TASK OBJECTIVE:
The lines to print run from the top of the material below to the line with "Operation Organization Professional", inclusive; please copy them exactly, without pictures.

PROVIDED MATERIAL:

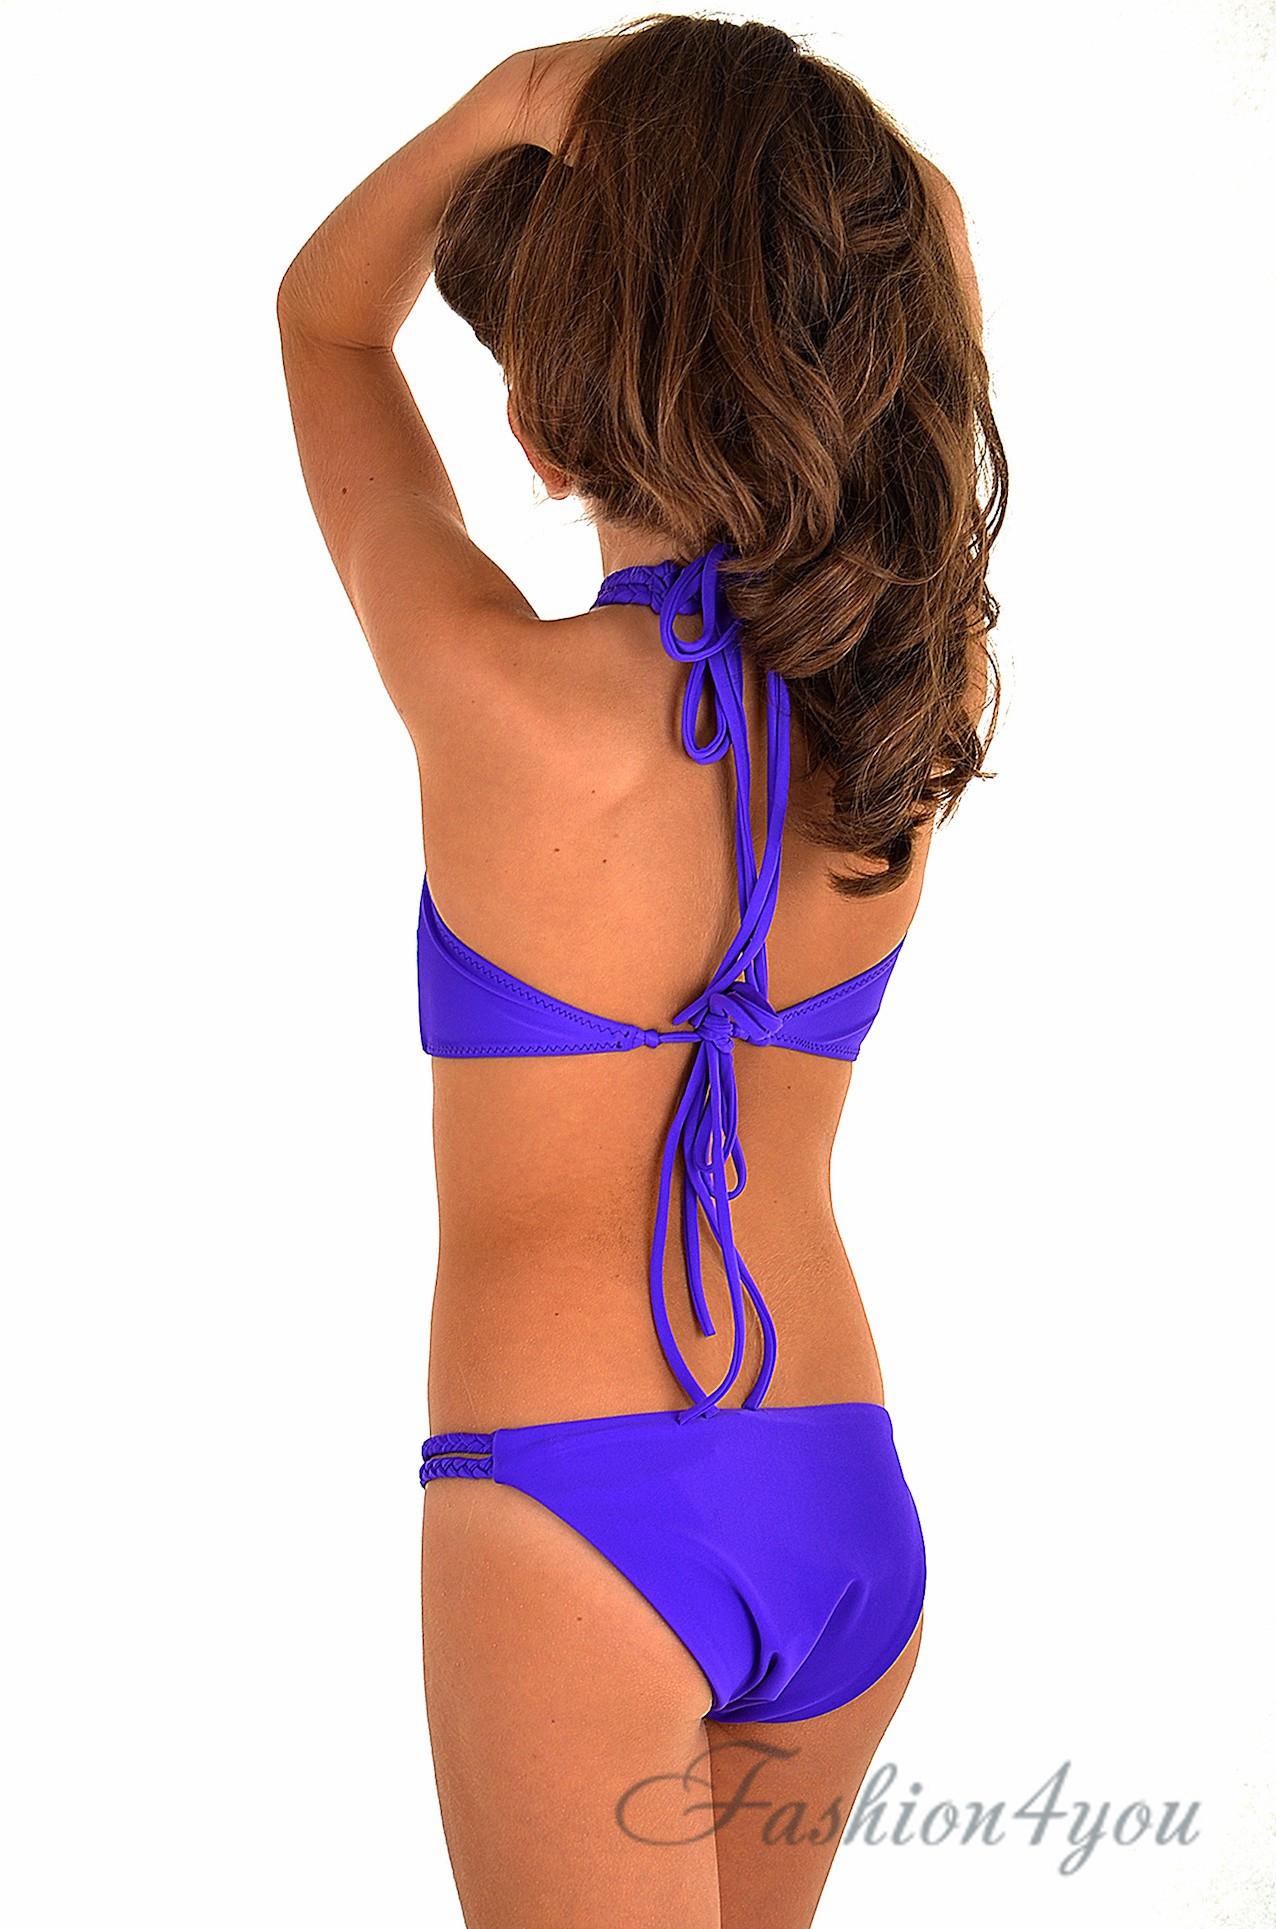 Дитячий купальний костюм BAEL Коса 5513 - фото №3 284a51c8fd9dc
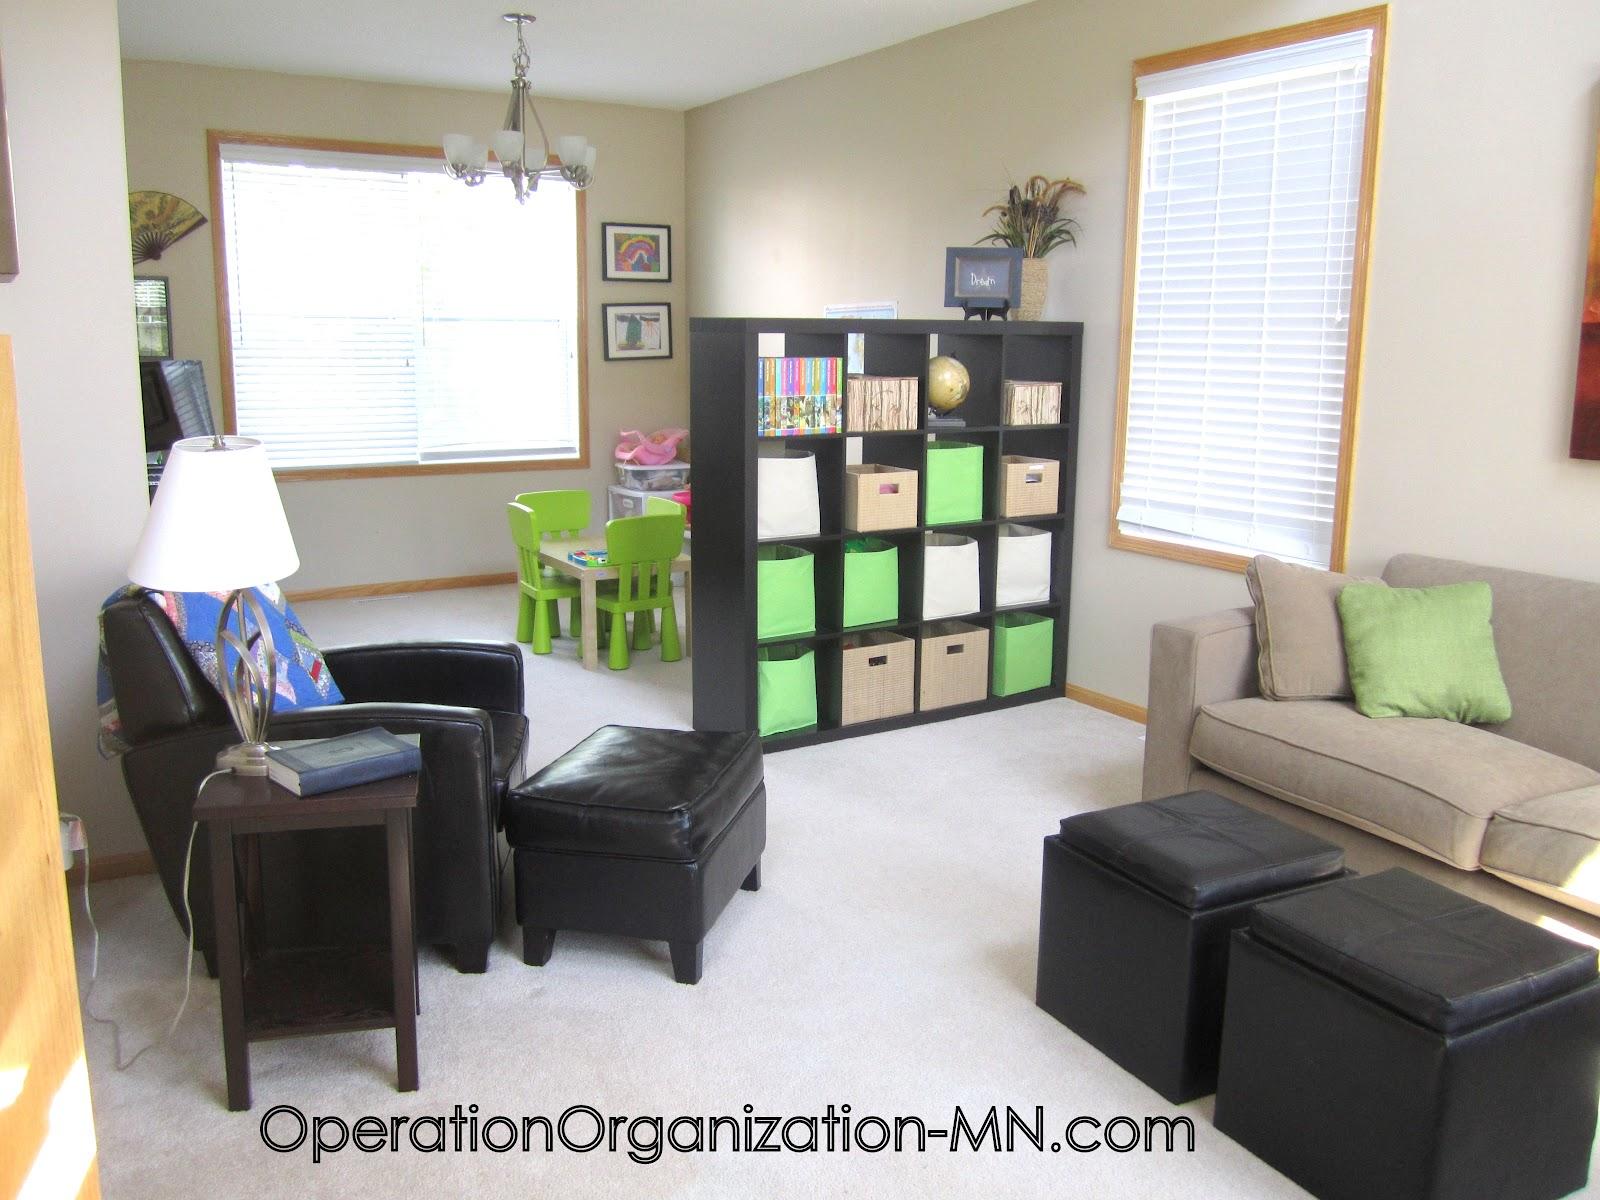 Operation Organization Professional Organizer Peachtree City Newnan Fayetteville Senoia
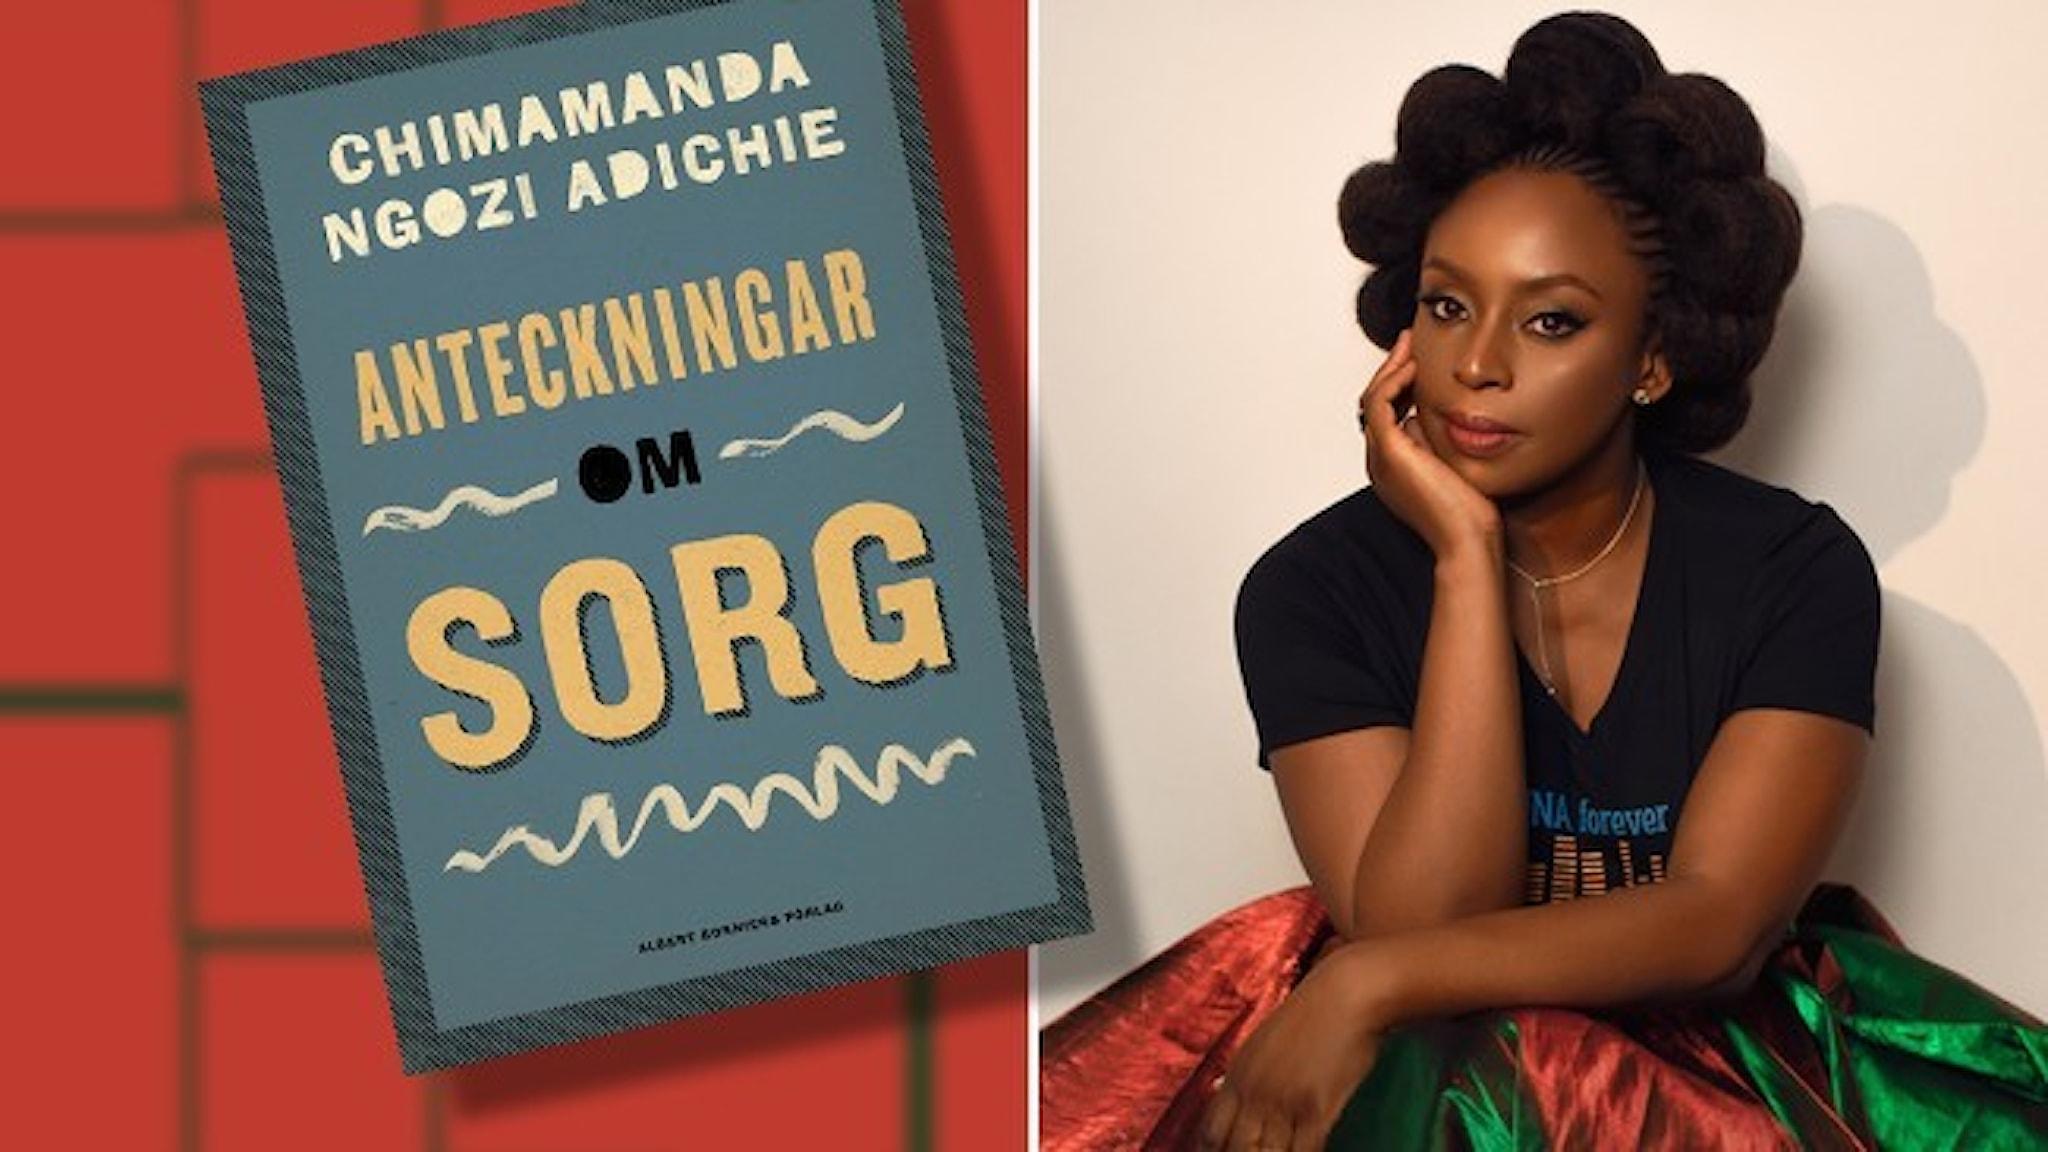 Ett porträtt av den nigerianska författaren Chimamanda Ngozi Adichie klädd i röd och grön glansig kjol och infällt i bilden är omslaget till hennes bok Anteckningar om sorg.

TASK ANSWER:
 Дитячий купальний костюм BAEL Коса 5513 - фото №3 284a51c8fd9dc
 Operation Organization Professional Organizer Peachtree City Newnan Fayetteville Senoia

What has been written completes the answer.